Harper Regan @ National Theatre, London

cast list
Lesley Sharp
Jack Deam
Troy Glasgow
Eamon Boland
Susan Brown
Brian Capron
Jessica Harris
Nitin Kunda
Michael Mears
Jessica Raine
Nick Sidi

directed by
Marianne Elliot
Harper Regan is going on a journey. Her father is ill, maybe dying, and she needs to visit him. Her boss refuses her time off work, but she goes anyway, leaving her job and her family behind and heading to Manchester only to arrive too late.

Simon Stephens’ play is about the distances between people, about alienation within families, within society. It takes a familiar set up, a person leaving their life behind for a short while at least and going on a journey, not exactly of discovery but necessary none the les, and gently reworks it. The play has an episodic quality: on her event-packed two-day trip, Harper encounters a series of characters, an attractive teenager who goes to college with her daughter, an adulterous businessman, an almost unnervingly sweet young nurse, and a vile, anti-Semitic, coke snorting local reporter that she shares a drink with in a tatty pub. This last encounter ends brutally, in a sudden, startling act of violence.

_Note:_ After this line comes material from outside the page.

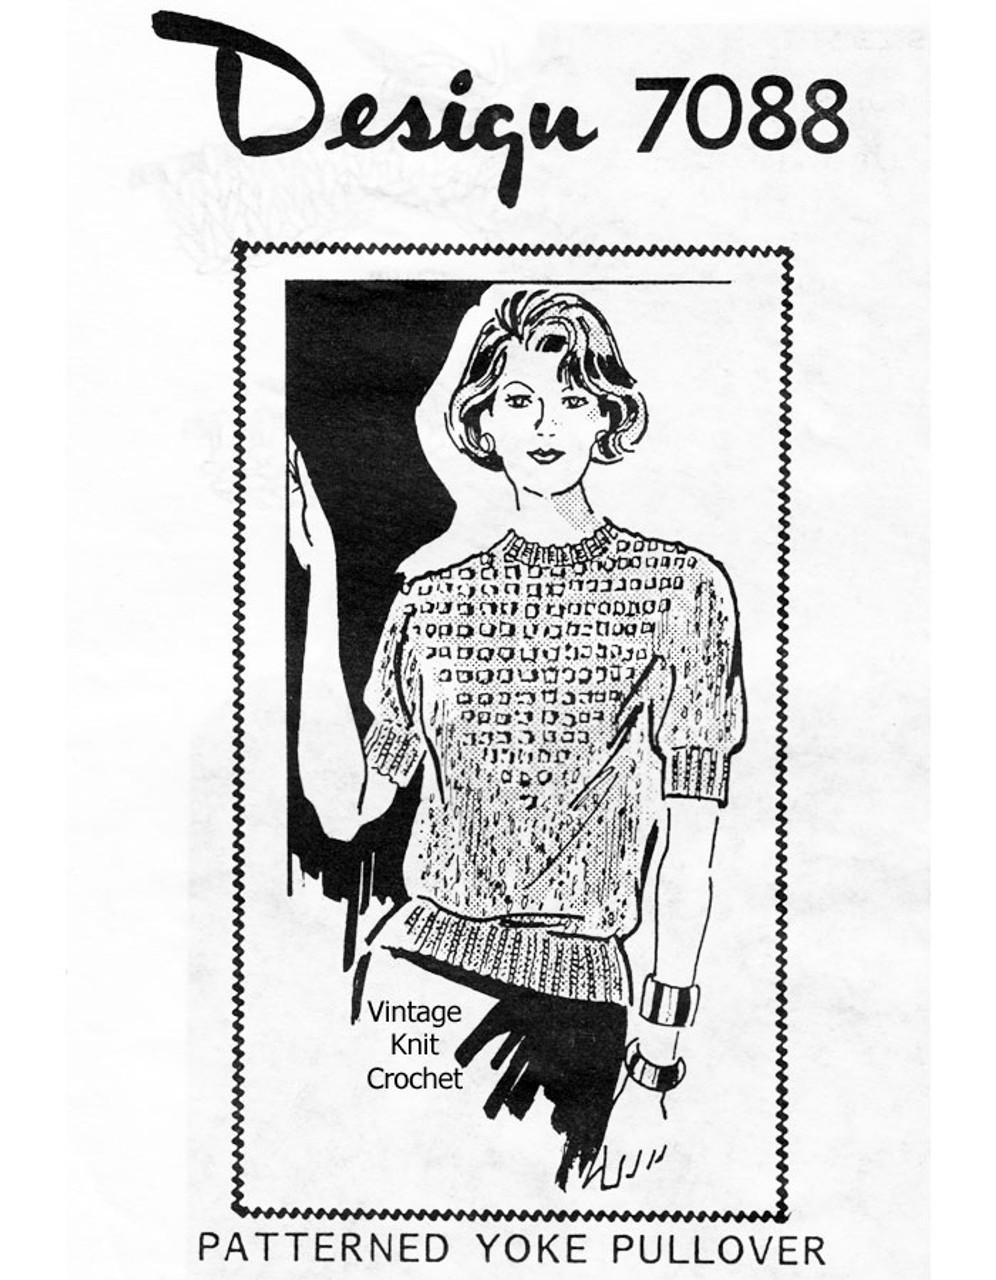 Diamond Knit Pullover Pattern Design 7088

Harper is a woman out of sync with life, out of step with the world. All her reactions are slightly askew; there is a strange slowness to her movements and she talks a lot, too much, filling up silence with words, as if frightened of emptiness, of nothingness, of being alone with her own thoughts. I’m not really in my body, she remarks at one point, and this seems apt.

Lesley Sharp is wonderful in this role, as this emotionally complicated, confused and life-tired woman. It’s a subtle, compelling performance, unshowy yet true; she is the hook that this sometimes frustrating play needs to move forwards. There is one particularly memorable moment towards the end of the play when Harper meets the mother she hasn’t seen in two years and, during the course of an argument about her late father, breaks down and crumples to the floor. Though her back is to the audience throughout this scene, it is possible to feel the pain radiating from her.

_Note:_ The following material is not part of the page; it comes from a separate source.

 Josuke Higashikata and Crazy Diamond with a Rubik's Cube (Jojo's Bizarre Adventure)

The first half of the play is very bitty, it is only in the second half, with a revelation about Harper’s husband, that you start to understand the pressure she’s been under, the impossible position that she’s been in, and, as a result, her actions start to make a little more sense. Indeed the whole tone of the play shifts somewhat with this revelation. But even after this piece of information is made known to us, the play still has a fractured feel, it feels more like a series of scenes than a flowing drama and these are sometimes more satisfying individually then they are as a part of a wider narrative.

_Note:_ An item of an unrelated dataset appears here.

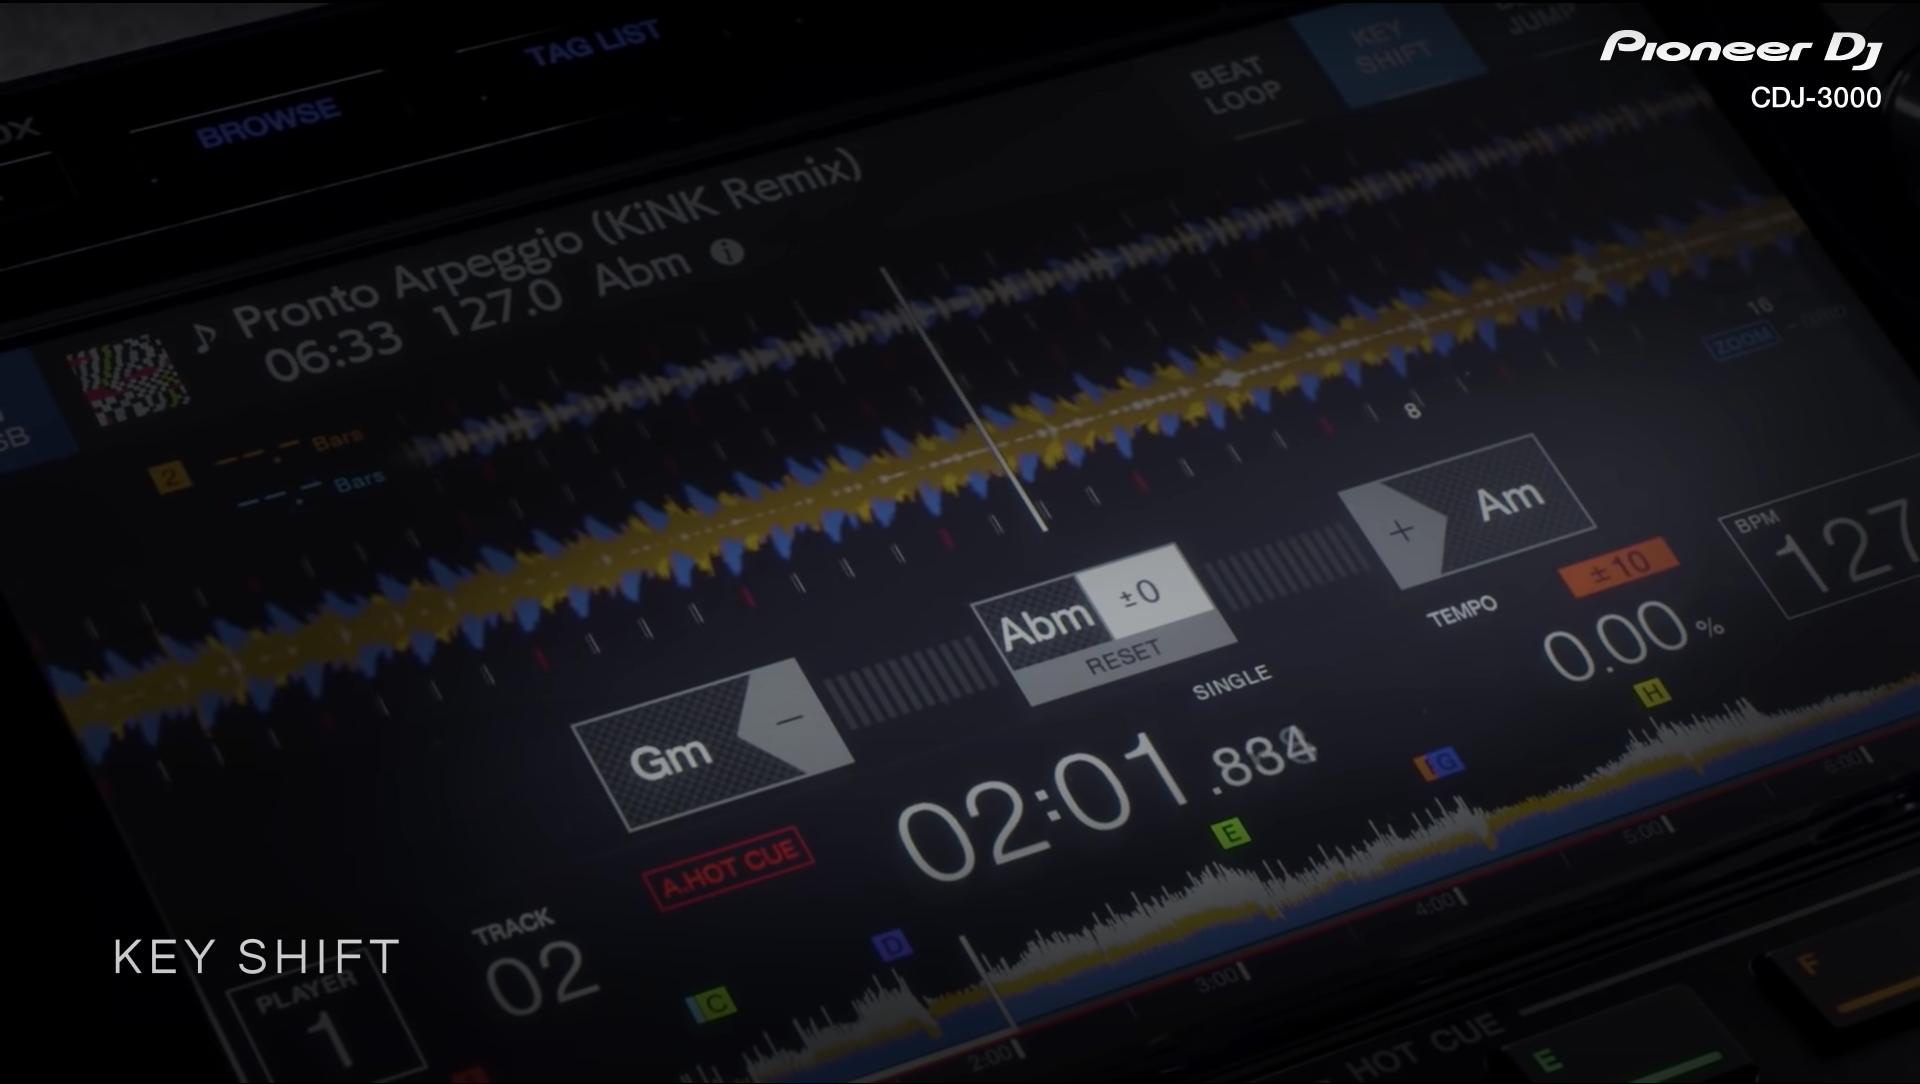 CDJ-3000 KEY SHIFT GUI

In addition to Sharp, the cast are particularly strong especially Jessica Raine as Harper’s plausibly mouthy teenage daughter and Brian Capron as the kindly middle-aged man with whom Harper has a (rather unbelievable, it has to be said) internet-arranged hotel liaison.

Harper and her family live in Uxbridge, a place, as the play frequently reminds us, that is not quite London, a town that exists on the edge. Harper too is a woman on the edge of things, something reinforced by Marianne Elliot’s atmospheric production which has the actors linger on set after their scenes, alone, isolated. In the end there is some sort of shift towards redemption, a glimmer of some sort of hope.

This is a difficult, frustrating play; it is sometimes moving but also, sometimes, implausible and baffling. One thing is clear though, there is a whole world below the initially familiar surface, one full of frightening pits and valleys. The play doesn’t need to take you there to make you feel this, know this. And then of course there’s Lesley Sharp, holding everything together, the constant, solid heart in the middle of things.